Apache Parquet Could not read footer: java.io.IOException: Apache Parquet Could not read footer: java.io.IOException: hadoop hadoop

Apache Parquet Could not read footer: java.io.IOException:


I got the same problem trying to read a parquet file from S3. In my case the issue was the required libraries were not available for all workers in the cluster.

There are 2 ways to fix that:

  • Make sure you added the dependencies on the spark-submit command so it's distributed to the whole cluster
  • Add the dependencies on the /jars directory on your SPARK_HOME for each worker in the cluster.


if you open a parquet file (text editor), at the very bottom you will see something like "parquet-mr" and that could help you know what version/format the file was created from

the method above though simple, the "creator" can be something else like impala or other component that can create parquet files and you can use parquet-tools https://github.com/apache/parquet-mr/tree/master/parquet-tools

since it looks like you are using spark to read the parquet file you might be able to work-around it by setting spark.sql.parquet.filterPushdown to false. maybe try that first (more info here - https://spark.apache.org/docs/latest/sql-programming-guide.html#configuration - change latest to your version of spark).

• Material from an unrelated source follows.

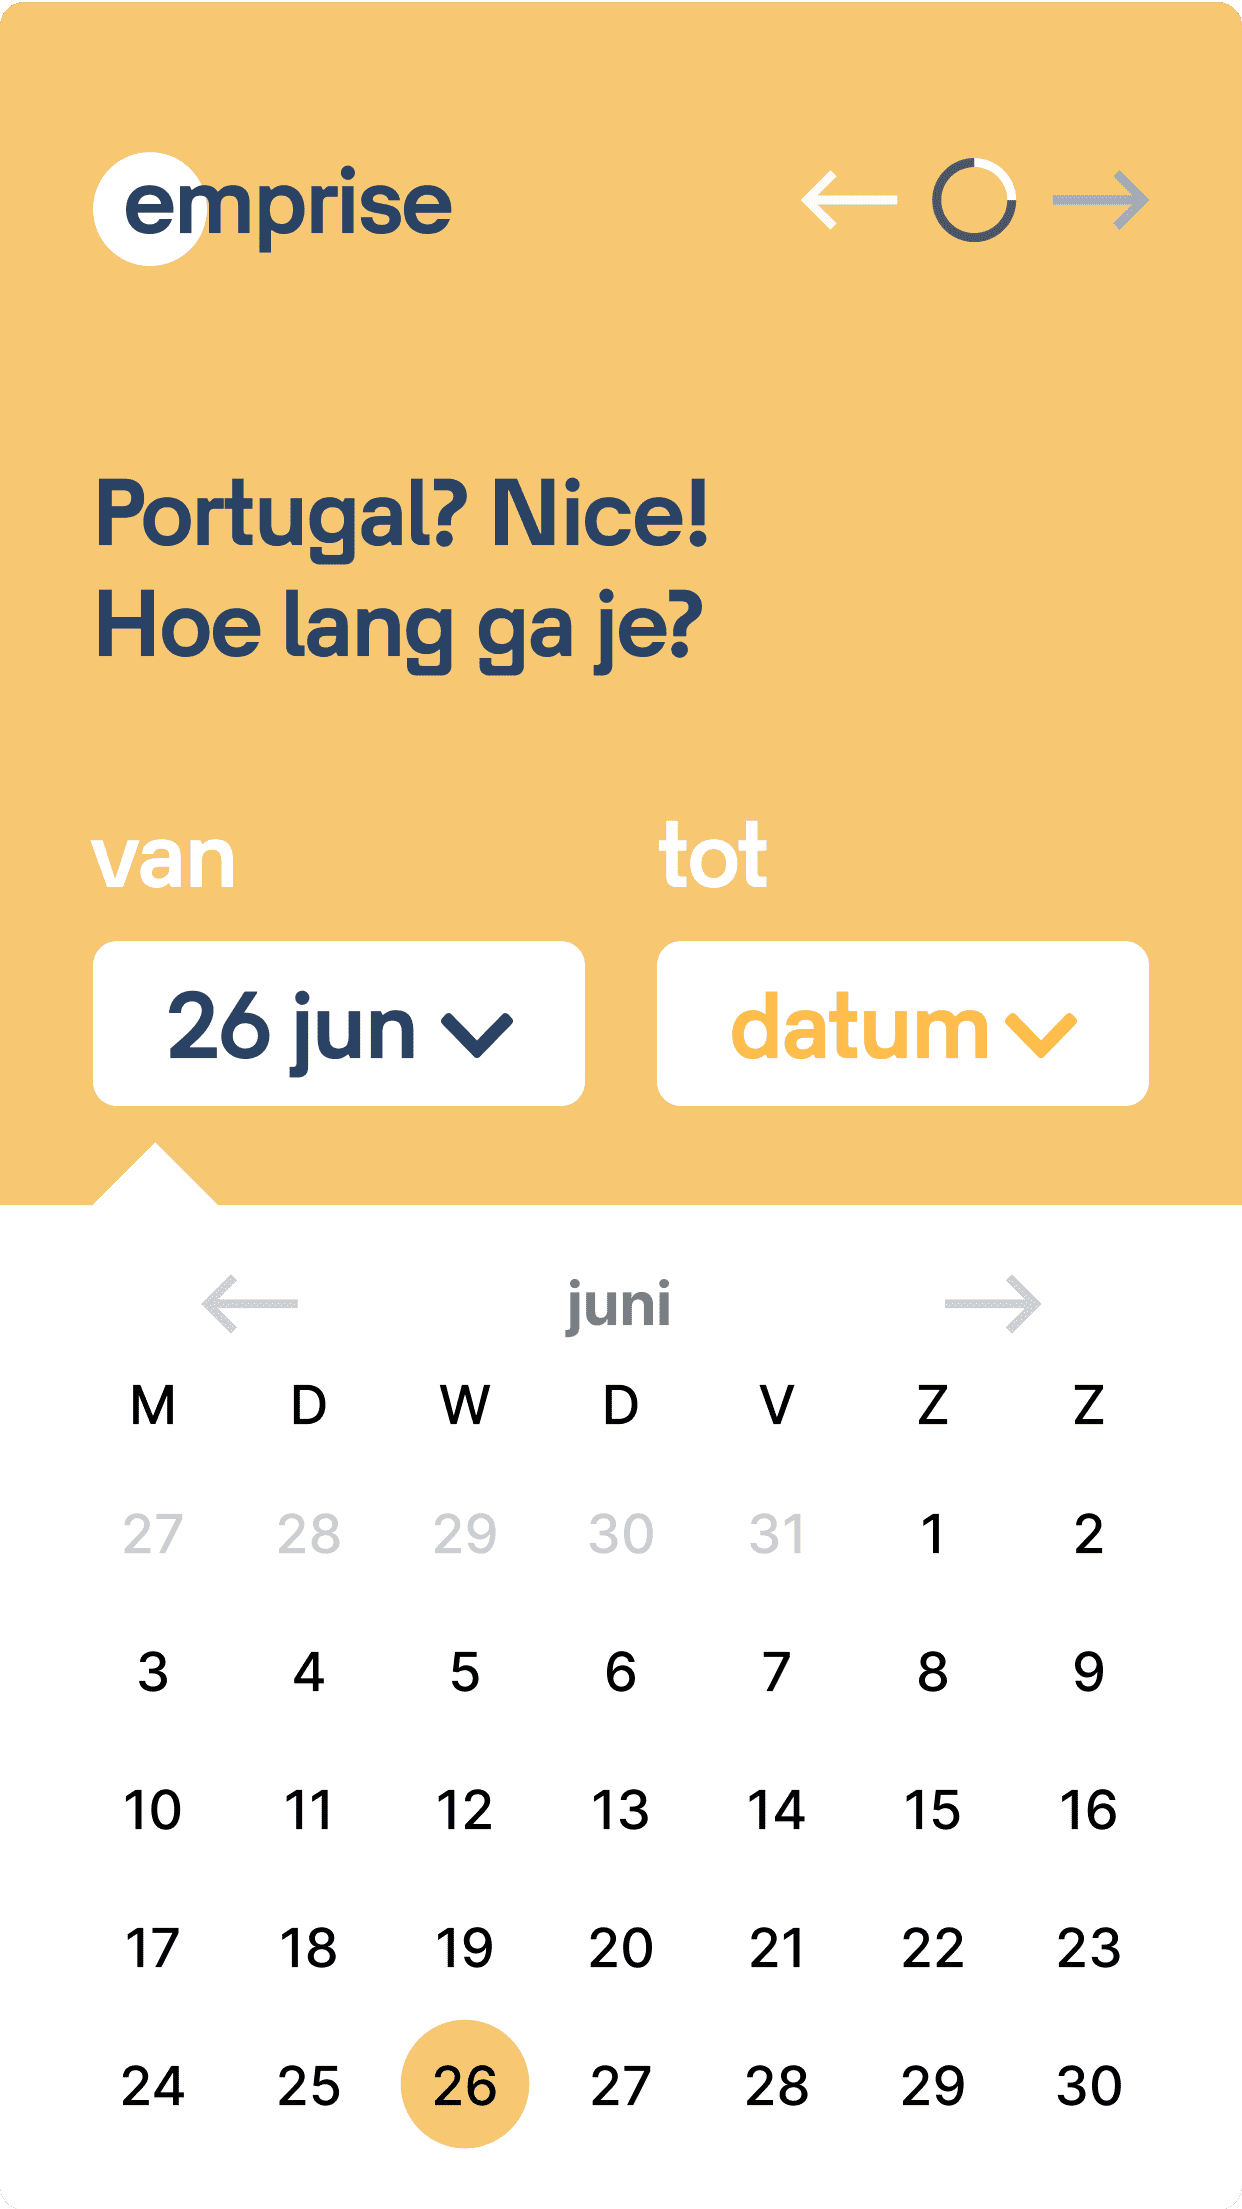 A date picker to set the duration of your trip.

if that does not work then maybe try if this is an issue with latest version of spark - if it does then you can try to trace history of which commits fixed it and that might give you an insight on possible work-around

or if you know the parquet version you can use (switch) the corresponding branch of parquet-mr (build the parquet-tools for that) and use the tools for that version to test your metadata files (_metadata, _common_metadata) or one of the parquet file - you should be able to reproduce the error and debug from there


Check your folder permissions. We have seen this error in other environments and it was caused by Spark not having the permission to access the file.